R.A. The Rugged Man on Floyd Mayweather Jr stepping up to the Plate; Pacquiao vs Clottey and More!
By Brandon Estrict, Doghouse Boxing (Feb 19, 2010)  
At 40-0 (25), Floyd Mayweather Jr. hasn’t been presented much difficulty in his 14 years as a prizefighter. The celebrated 1996 US Olympic Bronze Medal winner turned pro later that year and has navigated five weight-classes, snatching championships at each stop. If ever there was any semblance of a legitimate struggle, it took place during the earlier portion of his career. Mayweather began his foray into the sport at the junior lightweight limit and completed his championship conquest less than two years later. He would successfully defend his throne eight times before leaping to the lightweight division and capturing championship gold in his very first fight.

It was only after he bolted that division did the picture become hazy.

With names on his resume like Diego Corrales (TKO 10), Genaro Hernandez (TKO 8), Jose Luis Castillo (W 12 twice), and Angel Manfredy (TKO 2), his standing in the sport was unquestioned. The can’t miss prospect-turned-world champion was for real, not some ticket selling, overprotected belt-holder. Sure, there were bumps in the road along the way, such as an ugly but short-lived spat with HBO (think slave contract) and one infamous decision victory in a close fight (see Castillo 1), but the general consensus was the kid could fight and had quite a future ahead of him.

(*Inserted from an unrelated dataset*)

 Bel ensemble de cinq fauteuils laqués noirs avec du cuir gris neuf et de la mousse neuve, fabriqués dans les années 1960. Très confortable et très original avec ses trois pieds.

Many pundits foresaw greatness for the young Mayweather, who drew comparisons to such past legends of the sweet science as Sugar Ray Leonard and Meldrick Taylor. The sheer talent and ability was there. But en route to championships at the 140, 147, and 154 lb. divisions, the best opponents were not.

The light middleweight division being the lone exception (it was a one-time deal for a megafight with Oscar De La Hoya), cynics couldn’t reconcile with the fact that Mayweather, by hook or by crook, managed to go around fighters such as Miguel Cotto, Antonio Margarito, Shane Mosley, Kostya Tszyu, and Paul Williams in attaining his lofty pound-for-pound status. Mayweather’s lowest risk-for most-reward fight selection has long provided fuel to the fire flamed by his staunchest of critics.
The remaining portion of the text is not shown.